ケース1アパート経営者が認知症になってしまった

山田ひとみさん

山田ひとみさんは相続税の節税対策の一環として、母親である山田花子さんの所有している空き家を売り、売ったお金でアパートを建ててほしいと考えていました。花子さんも娘のためならばと承諾しています。
しかし、空き家がなかなか売れず、時がたち、山田花子さんが認知症になってしまいました。

代表 芝

所有者が認知症になると…

判断能力がない場合、

  • 不動産の売買
  • 賃貸借契約等、すべての契約行為
  • 高額な金銭の引き出し
  • 不動産を担保にお金を借りること
など、さまざまなことができなくなります。

この場合、成年後見制度を利用し、本人のために手続きを代わりに行ってくれる方(成年後見人等)を選ばなくてはなりません。本件の場合、山田ひとみさんが申立人となり、山田花子さんのために成年後見人が選ばれました。

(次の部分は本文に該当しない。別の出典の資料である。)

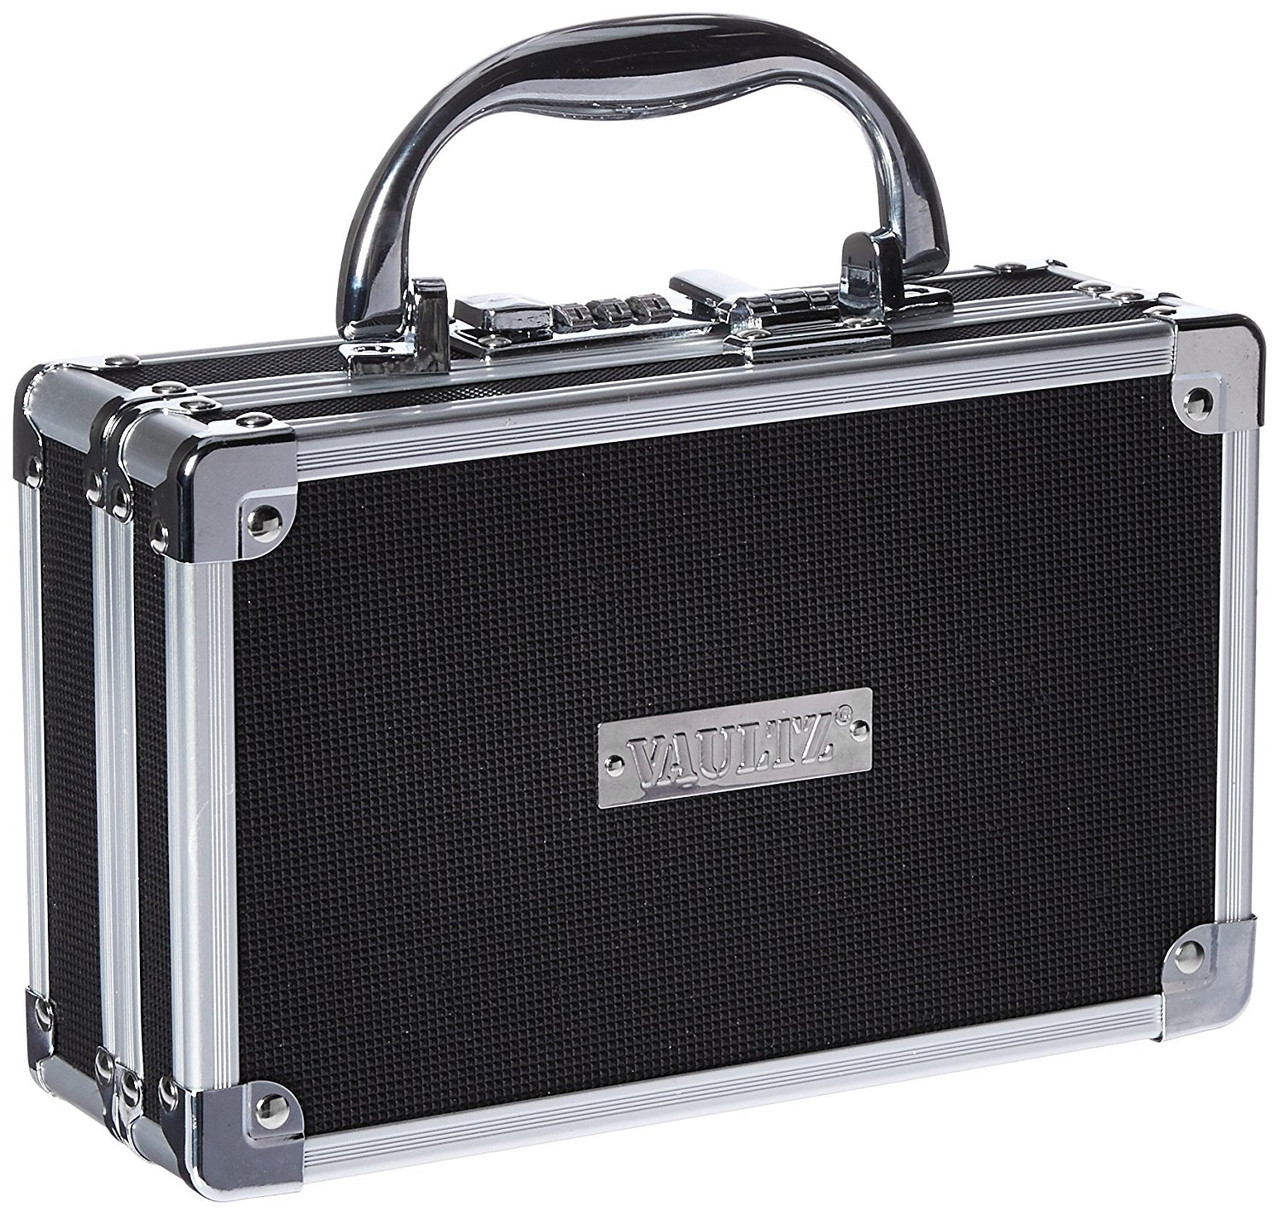 Vaultz Security Box Black

成年後見制度は非常に重要な制度であり、本人の権利擁護のためにも必要な制度です。

しかしながら、裁判所の判断の基準はあくまで「本人のため」になるかどうかですので、「相続税の節税のため(相続人のための行為)」や、「贈与」(受遺者に有利な行為)など、仮に元気な時に山田花子さんが望んでいたことであっても客観的に見て「本人のため」とは言えない行為は、手続きができないのが現状です。
成年後見制度を利用すれば、山田花子さんが元気だった時と同じように何でもできるようになるわけではないのです。
ではどうしたらよかったでしょうか。→民事信託(家族信託)とは

ケース2オーナー株主が倒れて意識不明になった

静岡紳助さん

静岡良助さん(73歳)は従業員を20名抱える会社の社長さんです。
自分で会社を興し、順調に業績を伸ばしてきました。会社の株は100%良助さんが所有しています(ここでは、オーナー株主といいます)。
会社の役員(取締役)は良助さんのみ。良助さんは、ゆくゆくは息子の静岡紳助さんに会社を譲りたいと考えていますが、まだ早いと思っており、生涯現役でいたいと思っています。
ある日、突然の頭痛に襲われ、静岡良助さんが倒れてしまいました。そのまま入院し1カ月たっても意識がもどりません。

代表 芝

会社は株主がいないと運営できない

もしかしたらあまり意識していない経営者の方もいるかもしれませんが、
会社は株主がいないと運営できないのです。

今回のケースでいえば、会社の唯一の役員である良助さんが意識不明になってしまいましたので、大急ぎで会社の役員を選任しなくてはいけません。
役員の選任は株主総会の決議事項ですので、株主総会を開かなくてはいけませんが、オーナー株主である良助さんが意識不明になっているため、株主総会を開催することができません。つまりは会社を代表する人を選ぶことができないため、新しい契約を締結することができなくなってしまいますし、会社の運営に支障をきたすことになります。代表者がいない空白な時間が長くなってしまうと、取引先や金融機関等の関係でも不具合が生じる場合もあります。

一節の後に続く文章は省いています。